Take the entries below and print only the lines from the one with "Compost - Terrarium" through the one with "Блуза без рукавов", exactly as they stand, both ends included.

*INPUT RECORDS*
--- START ---

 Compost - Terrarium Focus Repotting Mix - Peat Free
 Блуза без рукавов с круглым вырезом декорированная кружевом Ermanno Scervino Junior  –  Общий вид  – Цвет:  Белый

--- END ---
--- START ---

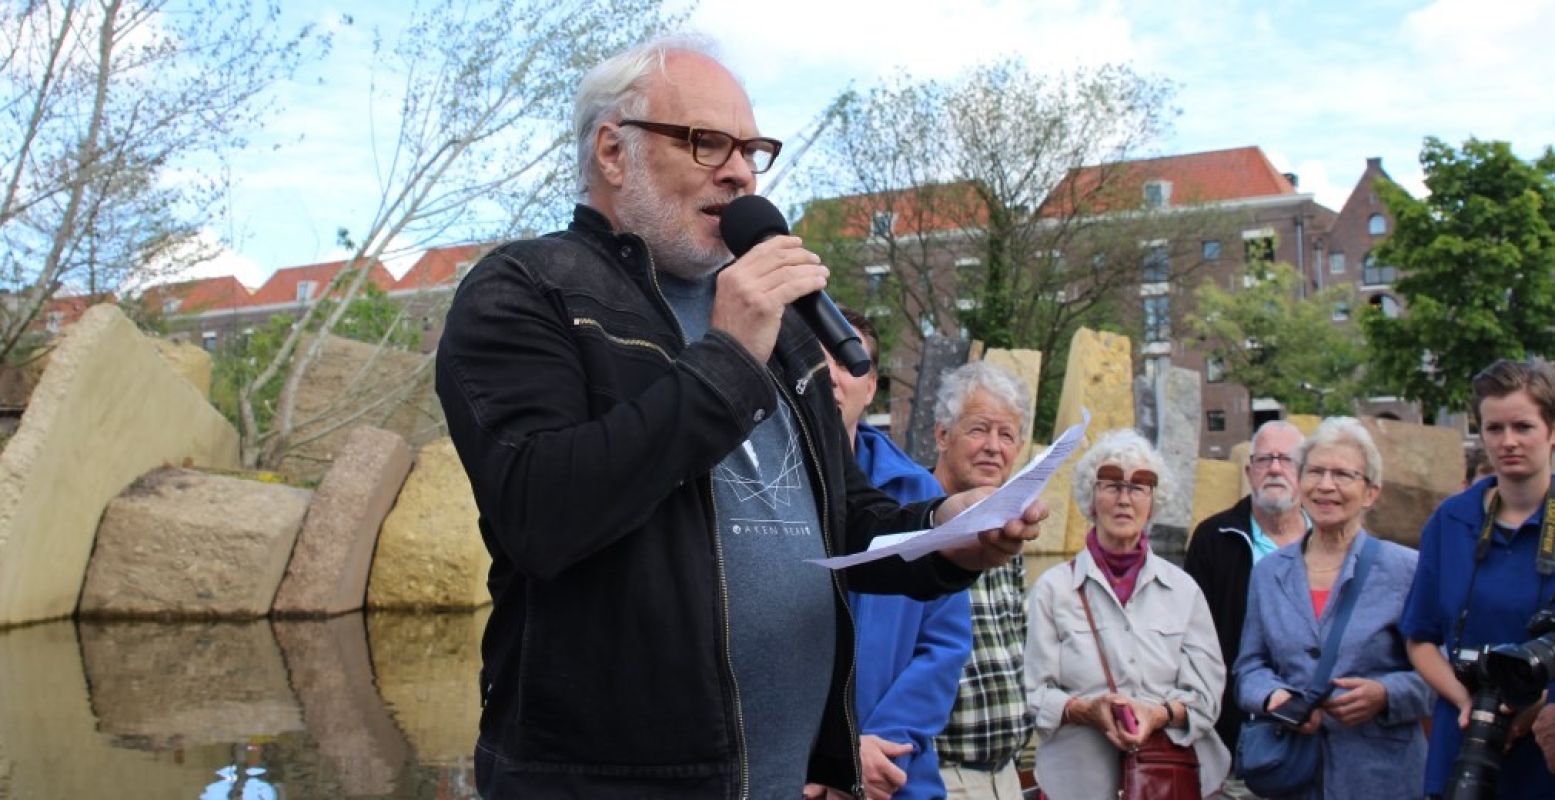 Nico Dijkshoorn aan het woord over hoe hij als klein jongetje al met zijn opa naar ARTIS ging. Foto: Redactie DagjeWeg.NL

--- END ---
--- START ---

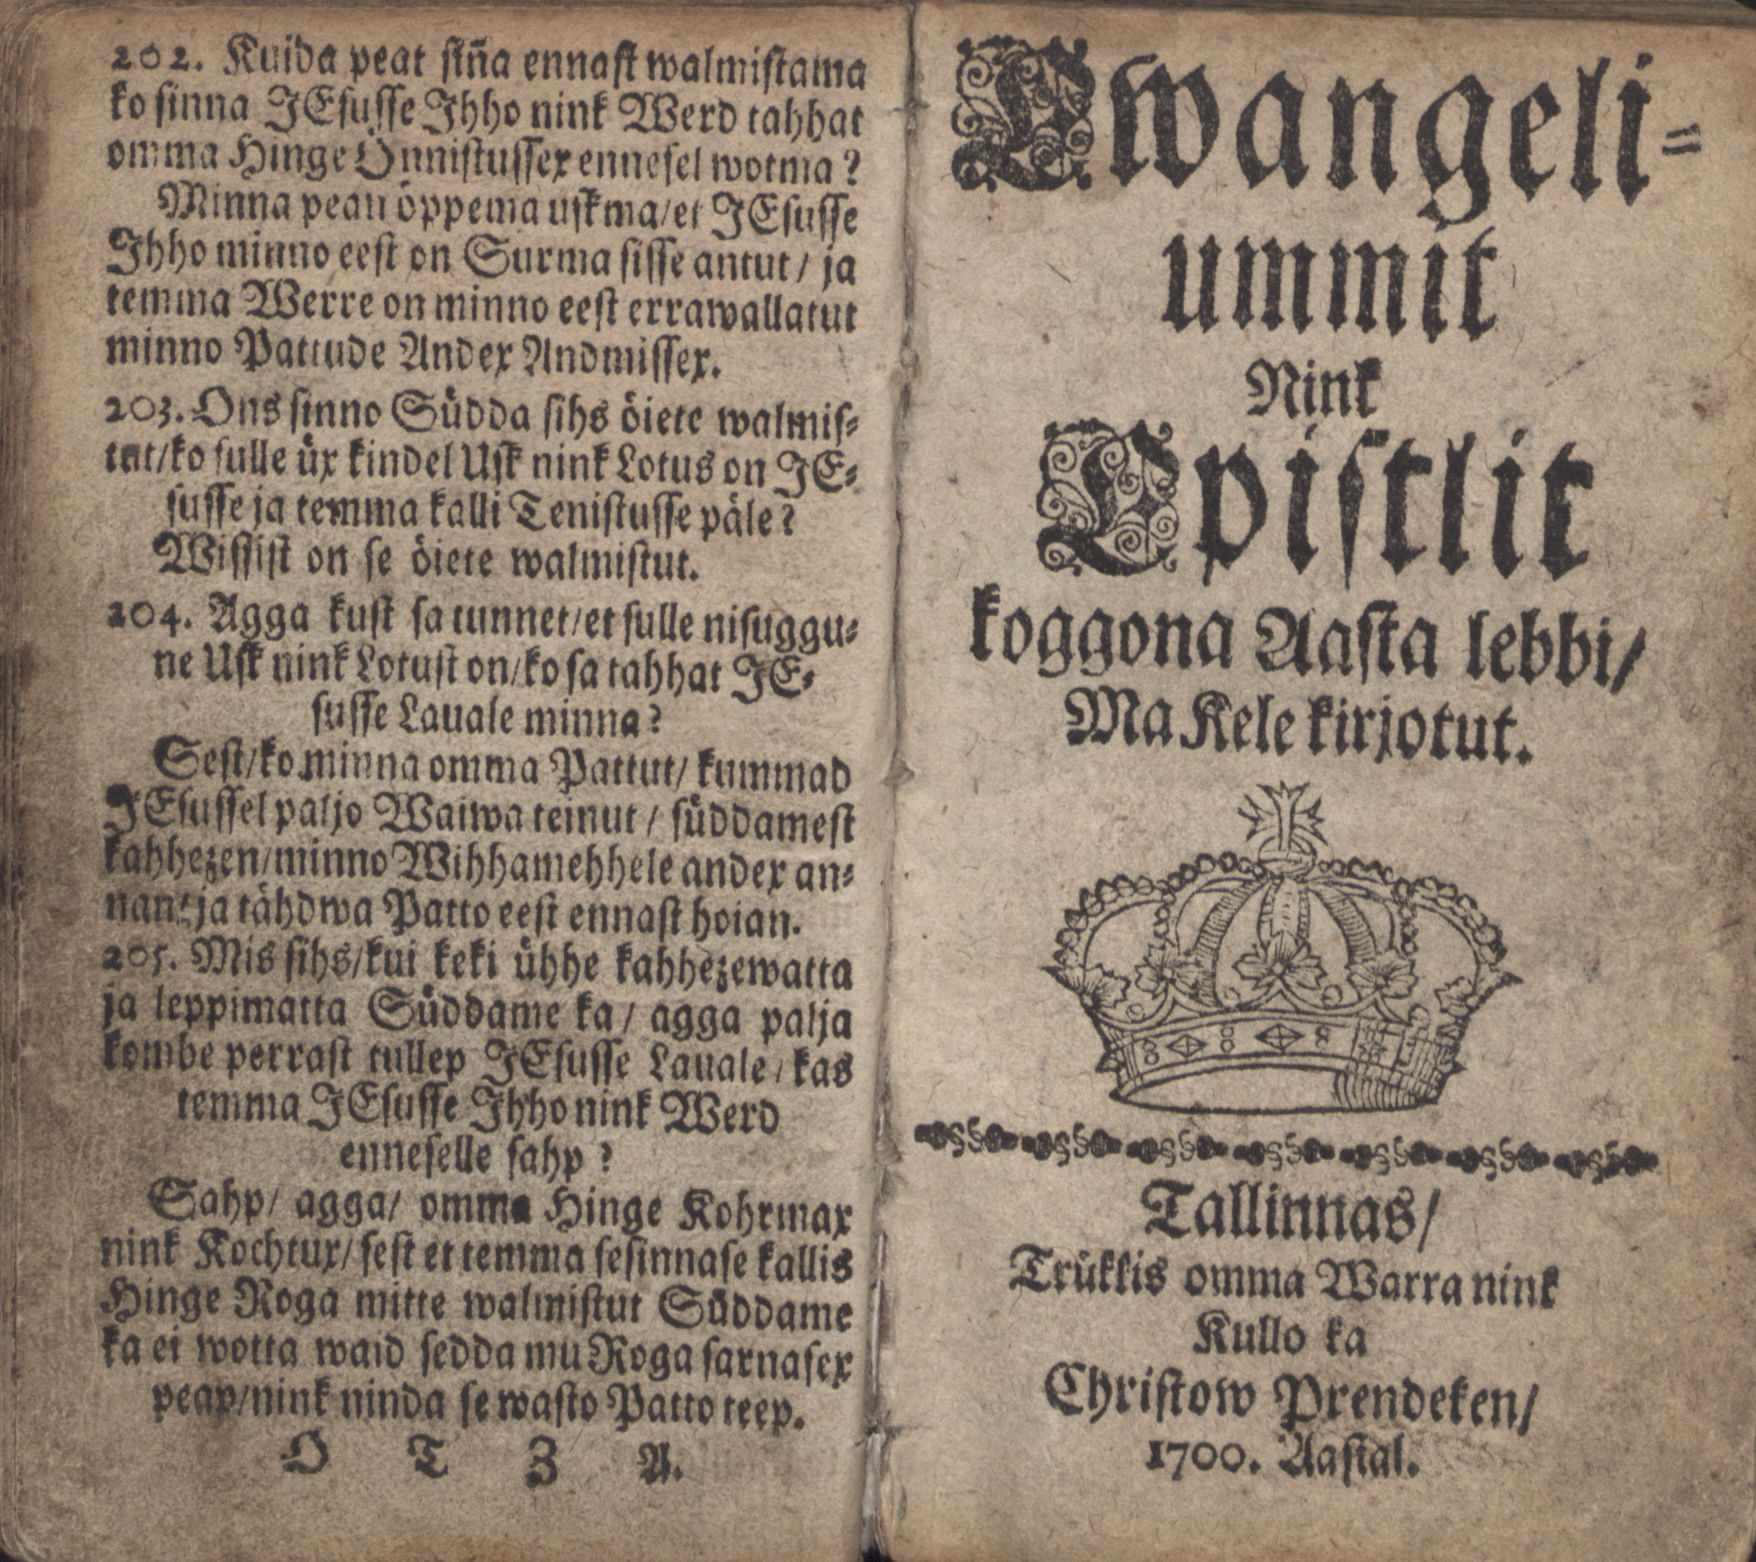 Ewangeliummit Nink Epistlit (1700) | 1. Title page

--- END ---

*ANSWER FOR THIS EXERCISE*
 Compost - Terrarium Focus Repotting Mix - Peat Free
 Блуза без рукавов с круглым вырезом декорированная кружевом Ermanno Scervino Junior  –  Общий вид  – Цвет:  Белый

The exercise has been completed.